By creating an undef array, you are explicitly asking for an array filled with junk values, with whatever happens to be in memory. Sometimes, zeros may be what just happens to be there.
zeros is for if you want zeros.

julia> zeros(Int, 20)
20-element Vector{Int64}:
 0
 0
 0
 0
 0
 0
 0
 0
 0
 0
 0
 0
 0
 0
 0
 0
 0
 0
 0
 0

I did something like the following long ago and found it instructive about how often you can expect to get all zero memory when using undef for Int64 arrays:

function sim(n = 10, n_reps = 1_000_000)
    all_zeros = 0
    sum_zeros = 0

    for _ in 1:n_reps
        x = Array{Int}(undef, n)
        count_zeros = 0
        for i in 1:n
            count_zeros += (x[i] == 0)
        end
        all_zeros += (count_zeros == n)
        sum_zeros += count_zeros
    end

    (all_zeros / n_reps, sum_zeros / (n_reps * n))
end

all_zeros_freq, elementwise_zero_freq = sim()

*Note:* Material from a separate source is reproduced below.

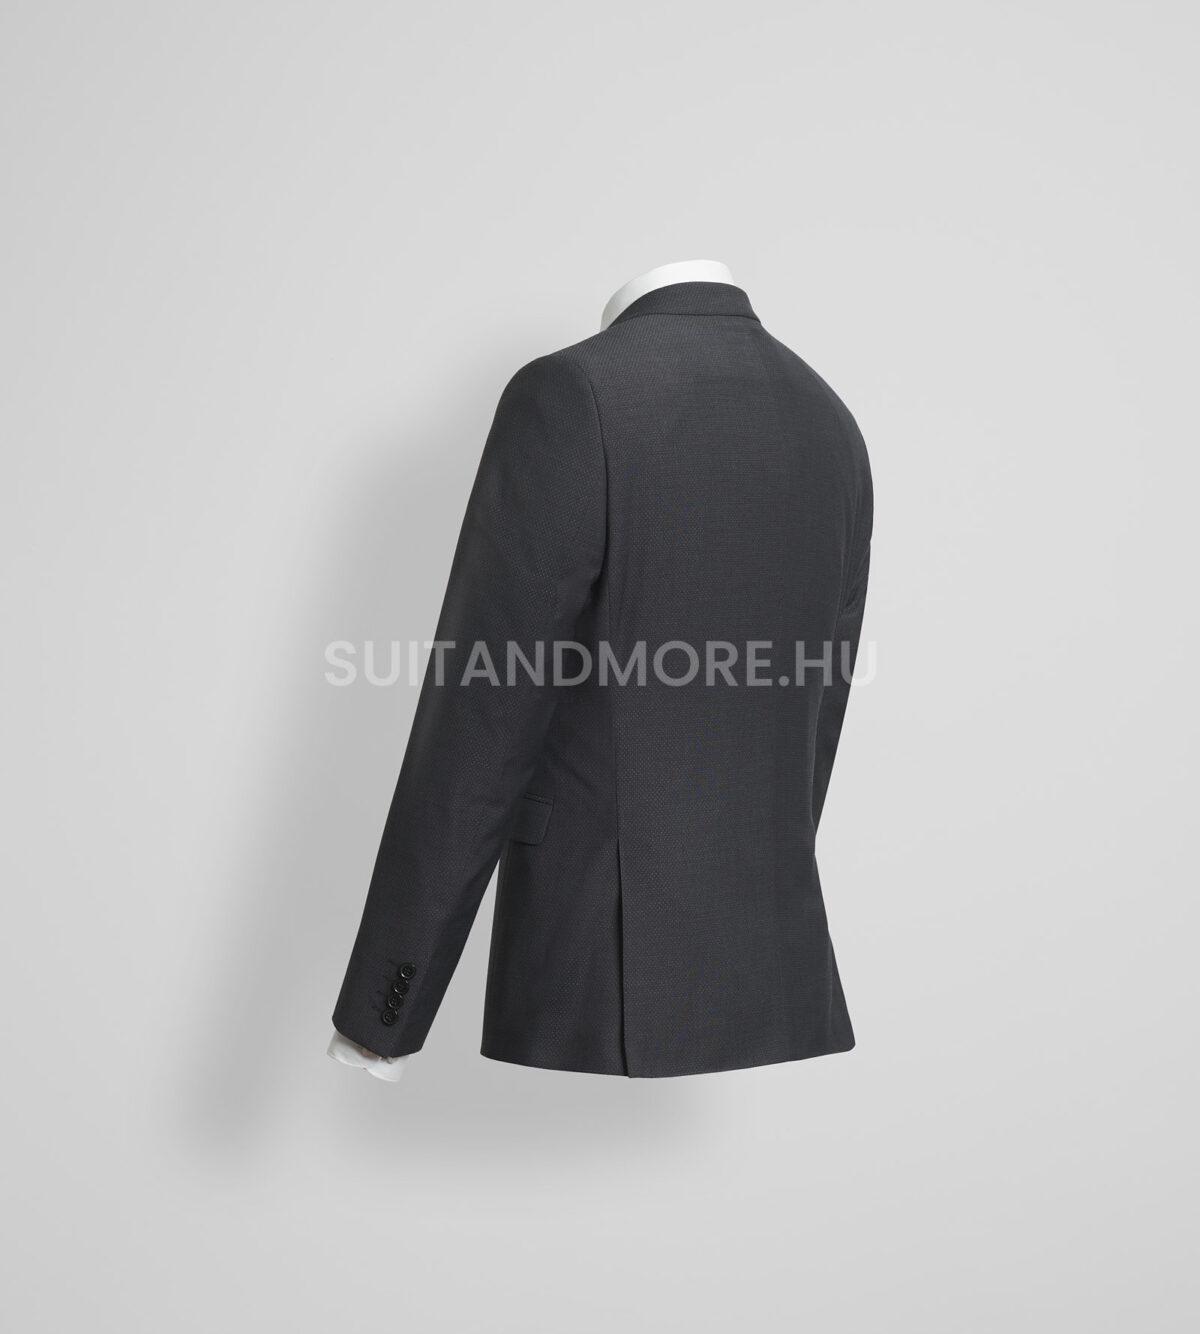 DIGEL-Move-szürke-extra-slim-fit-tűpettyes-öltöny-NANNO-NATE-NICOLO-99714-42-03

On my laptop, opening a REPL and then running that whole block (including redefining the function) many times gradually drops the frequency of all zero memory as more and more dirty memory gets reused. The first round produces something like (0.997094, 0.9973374), but I can get it down below 90% if I cheap copying and pasting the same code.